Recently, there has been a surge of interest in computer-based image recognition tasks due to advances in the field of deep learning, a subset of machine learning where multiple layers of a neural network aim to generate predictions from input data by modeling complex non-linear data patterns [6]. This approach led to a series of rapid advancements, with convolutional neural networks (CNNs) architectures such as AlexNet [7], ResNet [8], VGG [9], SqueezeNet [10], and DenseNet [11] showing excellent performance in image recognition, as demonstrated by their success in the ImageNet Large Scale Visual Recognition Competition [12]. These advances are now being translated into clinical tasks, with many successful examples demonstrating the use of artificial intelligence (AI) models in diabetic retinopathy, glaucoma [13–16], AMD [17,18], and numerous other areas of medicine [19–24]. Typically, CNN’s used for specialized purposes such as ours are initialized using pretrained weights from large general purposes imaging datasets to help them learn detection of basic shapes. The final layers of these models are then modified to suit the specialized needs of the task at hand. While this approach of transfer learning is successful in many domains, it is unclear whether relatively homogenous oculoplastic photos would benefit from this process.

We propose the use of an automated photo-based technique that will allow for a convenient, inexpensive alternative to manual assessment of ptosis with the potential for improving the reliability of measurements amongst non-experts. Given the recent advances in AI-assisted image recognition techniques and the lack of literature on this application to oculoplastics, we explore various AI architectures to create a highly sensitive and specific AI model for blepharoptosis. By using a CNN architecture, we aim to create a model that allows for greater flexibility on the input image. Herein, we report the first published CNN based AI model which can accurately diagnose blepharoptosis from a clinical photograph with no external reference markers or user input.

2. Methods

2.1. Dataset - Inclusion/Exclusion criteria

Full face images, collected as part of the oculoplastic clinic evaluation at a tertiary ophthalmology clinic in Taiwan, were de-identified and cropped to include one eye from each patient (data processing details provided below).

From this databank, 250 patients with blepharoptosis were chosen at random, and individual eye images were extracted. From these 500 images, 66 photographs with severe dermatochalasis, upper eyelid retraction, and photographs with poor image quality were removed, leaving 434 images used in this study (Fig. 1). The brow region is not included in the photos, so brow ptosis cannot be excluded. IRB approval was granted for this retrospective study by both Stanford University and National Taiwan University Hospital, and the research was conducted following the data use agreement signed by these two institutions. Pediatric patients (<18 years old) were excluded from this study.

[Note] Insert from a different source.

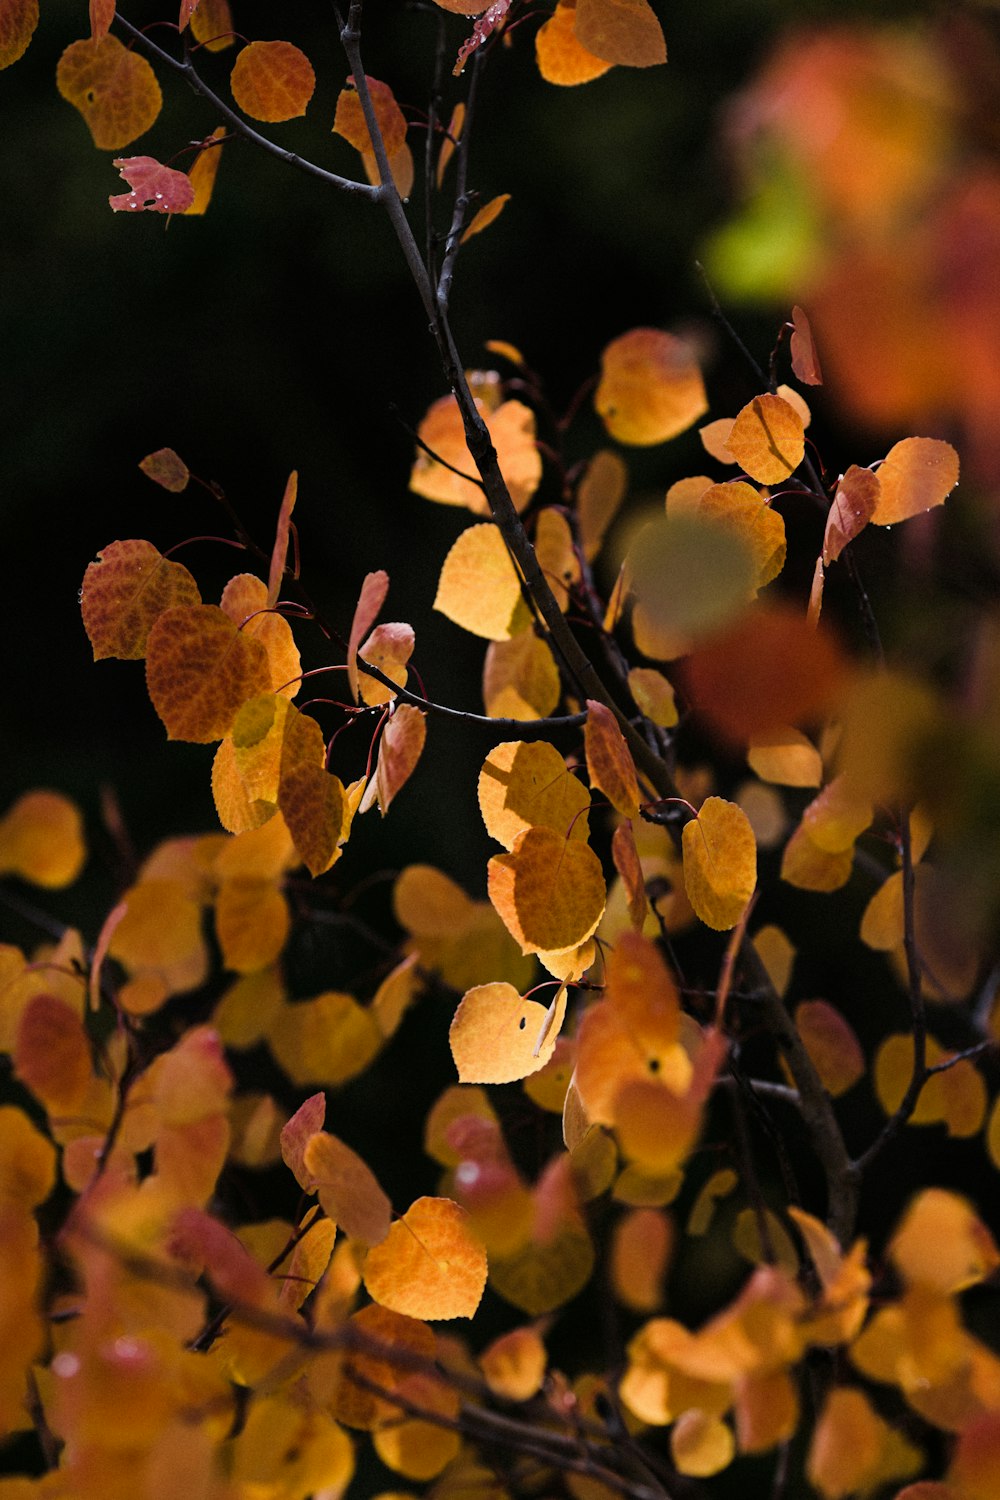 オレンジ葉のセレクティブフォーカス撮影

Fig. 1. — Normal (a), blepharoptosis (b), and excluded (c) examples. (Right eyes).

2.2. Dataset - pre-processing

The photos were taken with a regular digital camera together with a flashlight as a standard full-face photo. In order to crop a standardized image of a single eye, we used the OpenFace [25] open-source package to identify key facial landmarks in each photo. With these landmark positions, we can then crop single eye images as shown in Fig. 2. The resulting single eye images were 400 × 600 pixels each, which were then resized to 224 × 224 pixels (to match the input size most CNN architectures are optimized to use). These images were then used for further evaluation.

Fig. 2. — Automated extraction of single eye images from a full-face photo using the OpenFace package. Key facial landmarks were identified (black dots in the center image) and then used to crop each eye for further evaluation.

2.3. Dataset - ground truth labelling

The ground truth of the blepharoptosis was decided by three oculoplastic surgeons, through a voting system. Two of the three labelers both reviewed all 500 photographs in the first round of the labeling process. Where there was disagreement in the first round, a consensus meeting was then held by the same two oculoplastic surgeons to attempt to come to a consensus decision. For images where the two surgeons were unable to come to a consensus after the meeting, these images were adjudicated by an independent third oculoplastic surgeon. Their decision was then used to cast the deciding vote. Only single-eye regional photographs were provided to the labelers. Other information, such as the condition of the fellow eye, medical or surgical history, the measurements including margin to reflex distance 1,2,3 are not supplemented. The final labels assigned to the images designated them in a binary fashion as ‘blepharoptosis present’ or ‘blepharoptosis absent’. We consider the ‘blepharoptosis absent’ patients to be healthy, normal patients.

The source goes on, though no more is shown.